Ryan Pelletier, Jeff Nagge, John-Michael Gamble
OBJECTIVE: To assess the variation in bleeding risk estimates and risk stratification among Web and mobile applications for patients with atrial fibrillation. DESIGN: Cross-sectional study. SETTING: Simulated patient population. PARTICIPANTS: Hypothetical patient cohorts that encompassed all possible binary risk factor combinations for each clinical prediction model.
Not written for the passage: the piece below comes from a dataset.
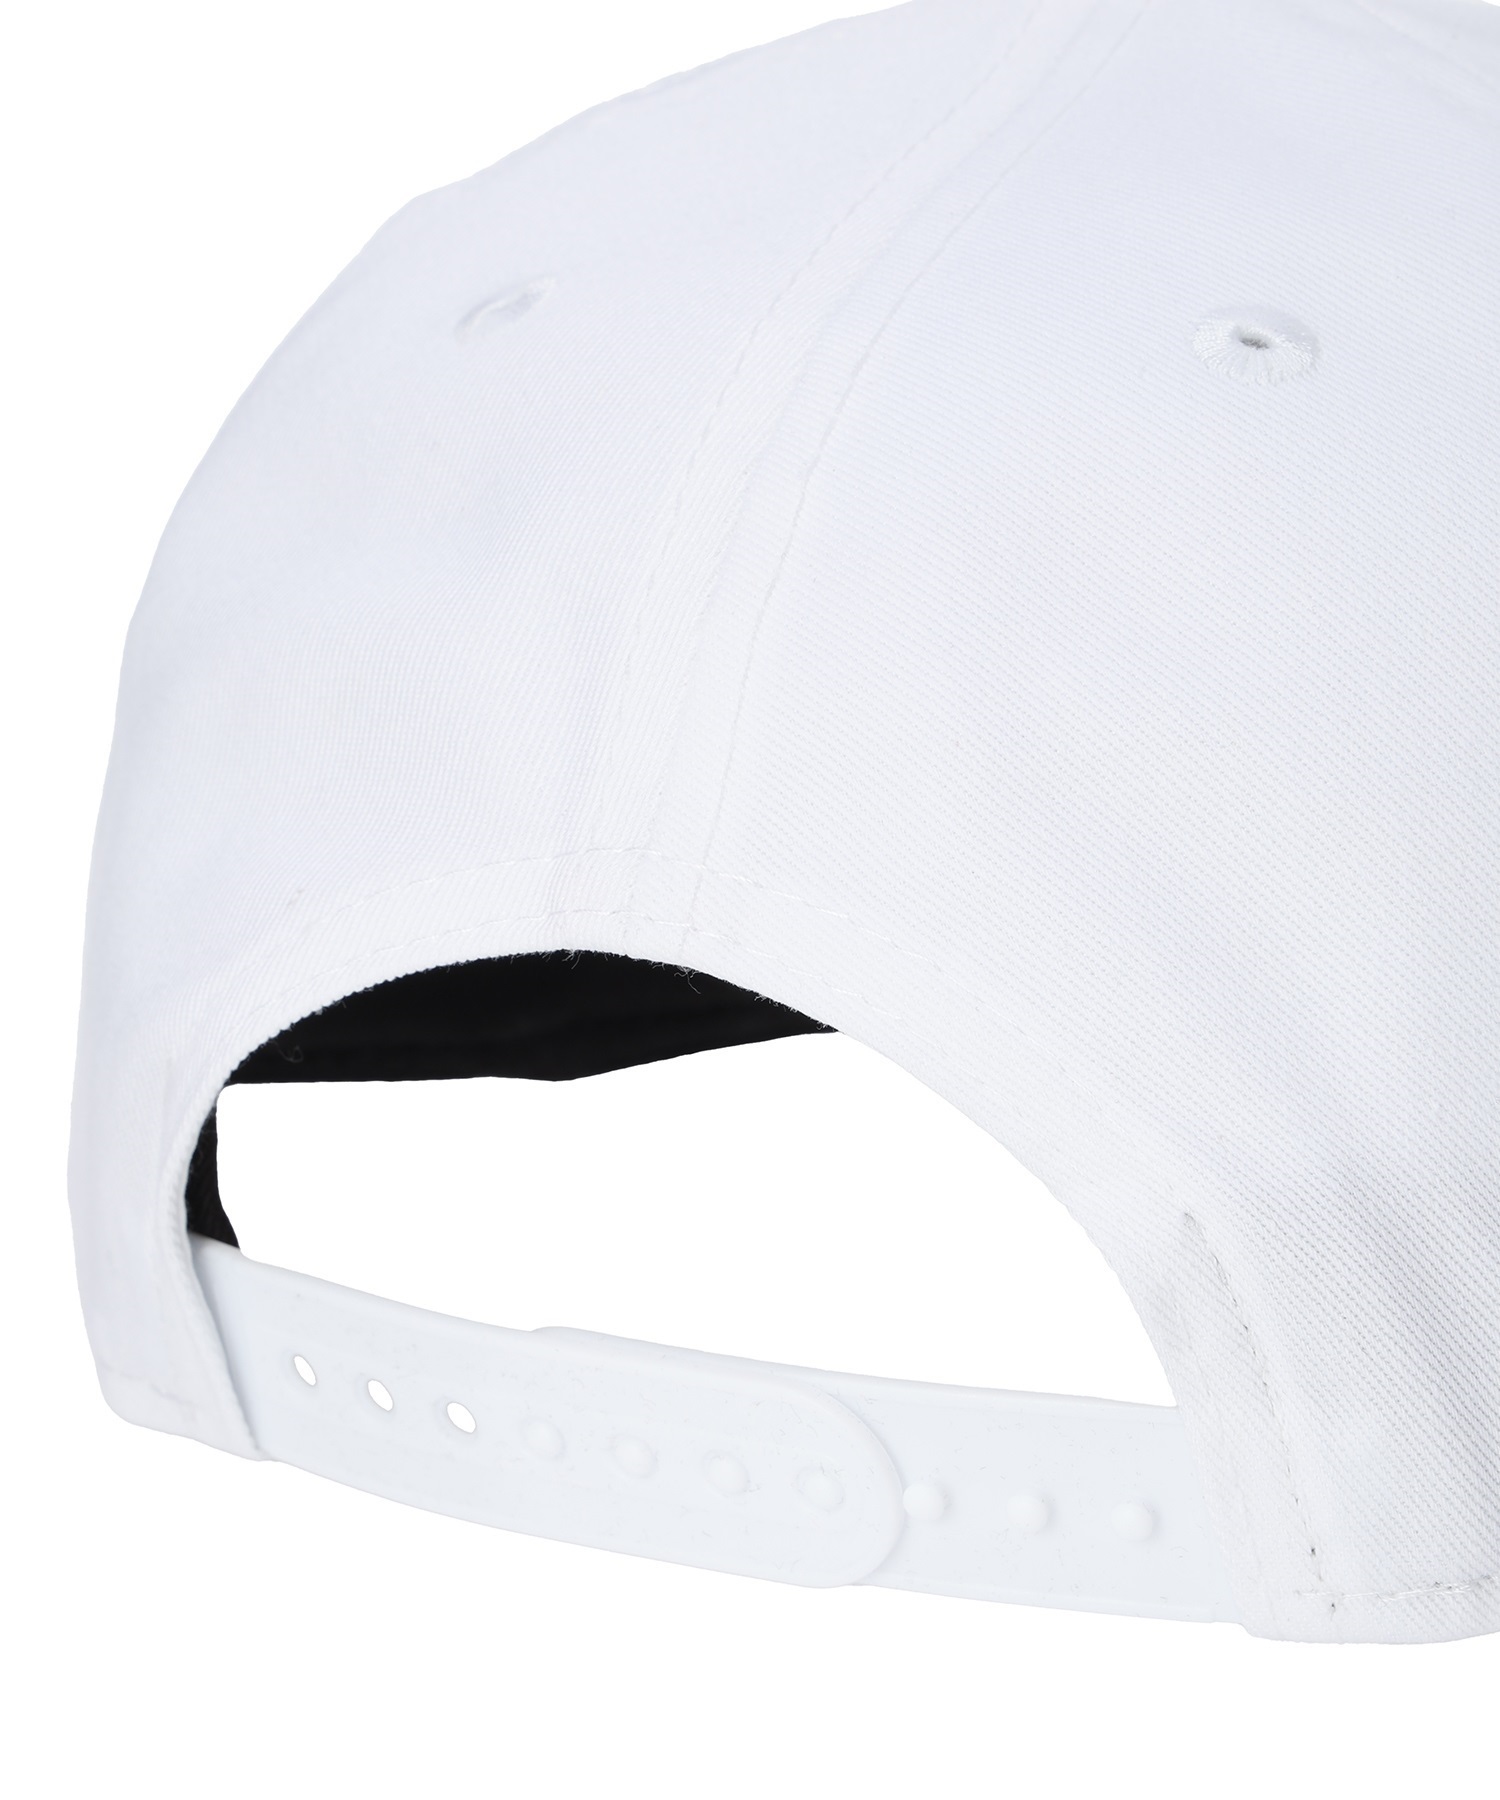 NEW ERA ニューエラ × INDEPENDENT インディペンデント 9FIFTY Original Fit キャップ 帽子 14299642 14299643 ムラサキスポーツ限定(WHT-ONESIZE)

INTERVENTIONS: Twenty-five bleeding risk calculators (18 Web and 7 mobile apps), each of which used 1 of 4 clinical prediction models to predict an individual's 12-month bleed risk: ATRIA (Anticoagulation and Risk Factors in Atrial Fibrillation), HAS-BLED (hypertension [systolic blood pressure >160 mm Hg], abnormal renal or liver function, stroke [caused by bleeding], bleeding, labile international normalized ratio, elderly [age >65 years], drugs [acetylsalicylic acid or nonsteroidal anti-inflammatory drugs] or alcohol [≥8 drinks per week]), HEMORR2 HAGES (hepatic or renal disease, ethanol abuse, malignancy, older [age >75 years], reduced platelet count or function, rebleeding risk [history of past bleeding], hypertension [uncontrolled], anemia, genetic factors, excessive fall risk, and stroke), and mOBRI (modified Outpatient Bleeding Risk Index)...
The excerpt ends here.